• Your goal:
In the records below, reproduce exactly the lines from the one containing "Calendario Playmobil para Pascua" through the one containing "Emblemi sassoni del", both included, and omit the pictures.

(Entries supplied begins)

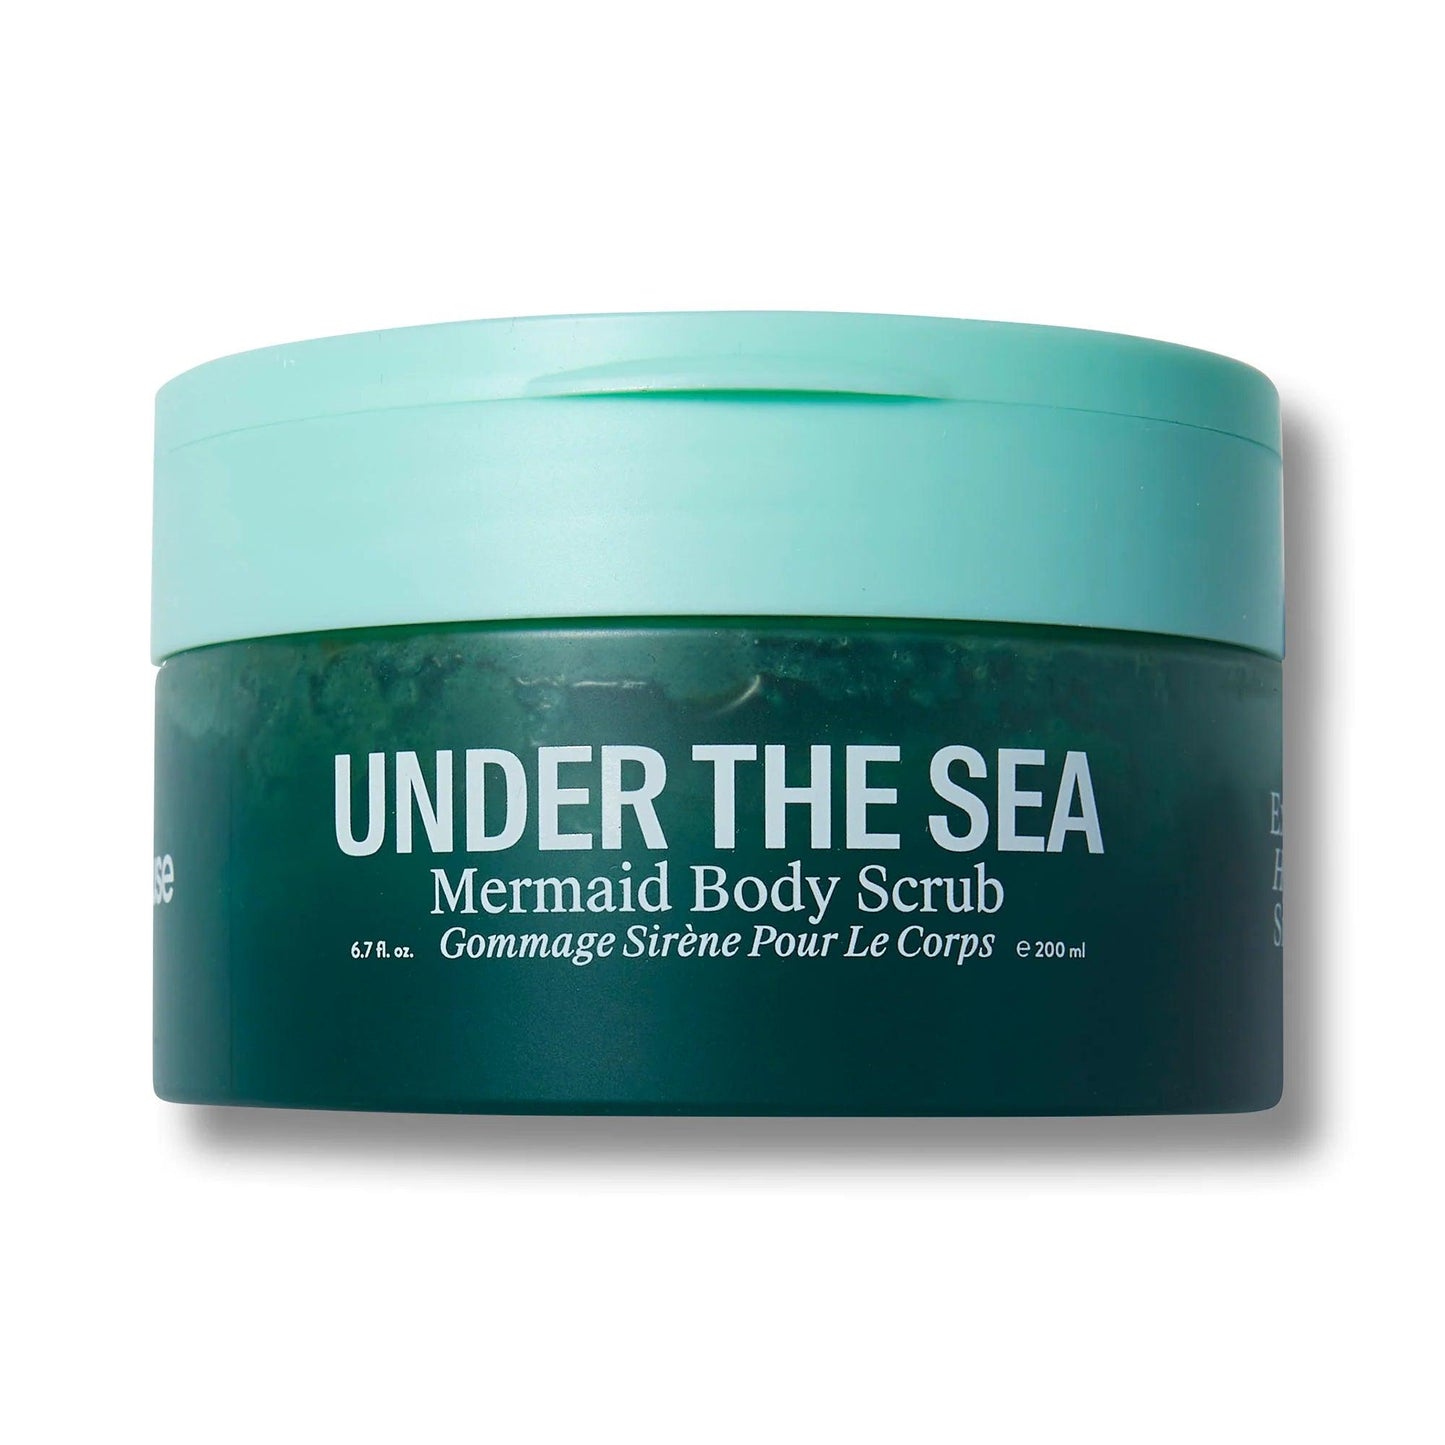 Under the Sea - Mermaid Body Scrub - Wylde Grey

(Entries supplied ends)
(Entries supplied begins)

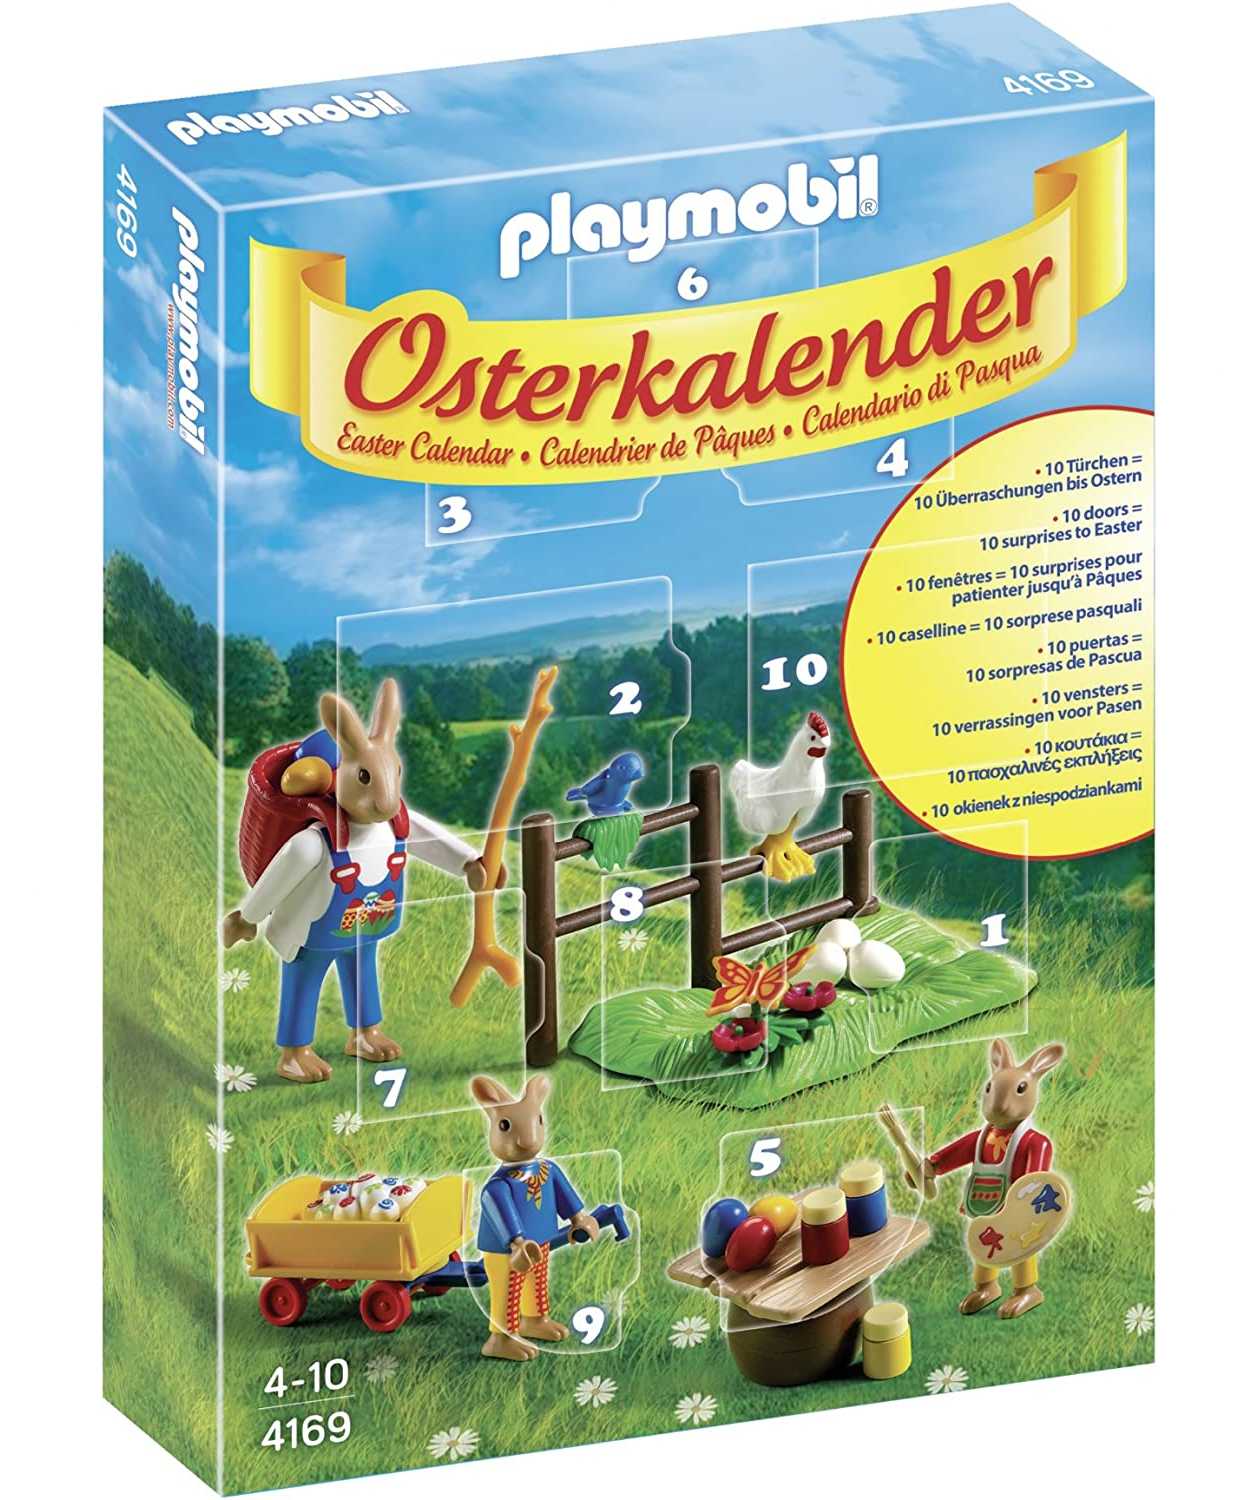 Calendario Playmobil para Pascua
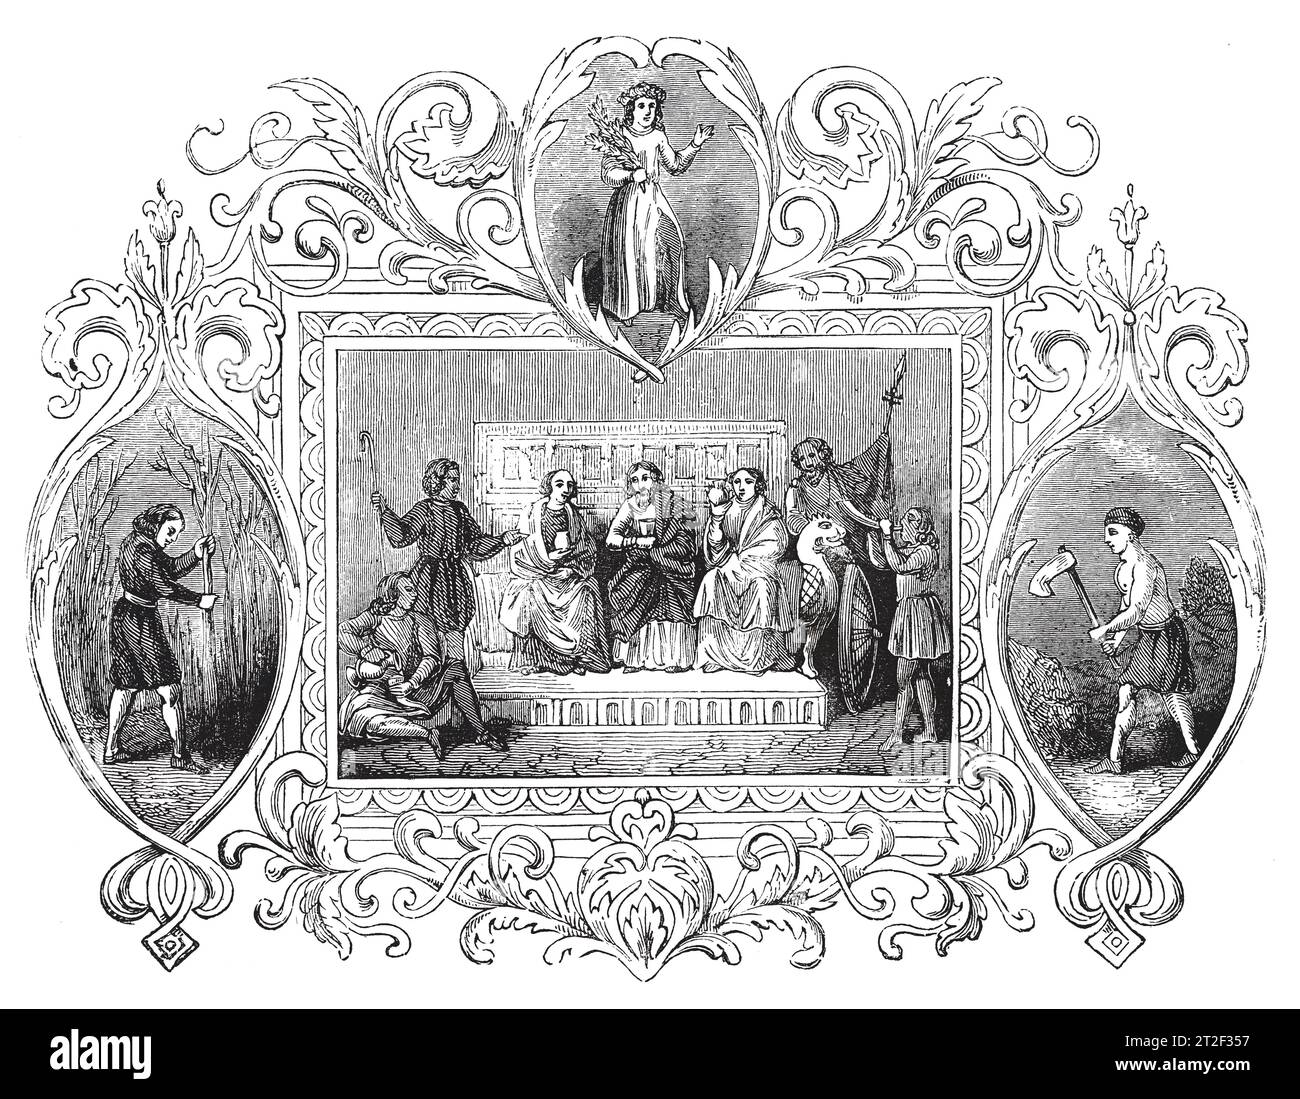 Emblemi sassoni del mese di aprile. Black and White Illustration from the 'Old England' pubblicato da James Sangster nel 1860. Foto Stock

(Entries supplied ends)
(Entries supplied begins)

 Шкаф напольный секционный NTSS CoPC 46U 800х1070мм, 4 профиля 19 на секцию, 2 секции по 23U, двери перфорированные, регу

(Entries supplied ends)

• Answer below:
 Calendario Playmobil para Pascua
 Emblemi sassoni del mese di aprile. Black and White Illustration from the 'Old England' pubblicato da James Sangster nel 1860. Foto Stock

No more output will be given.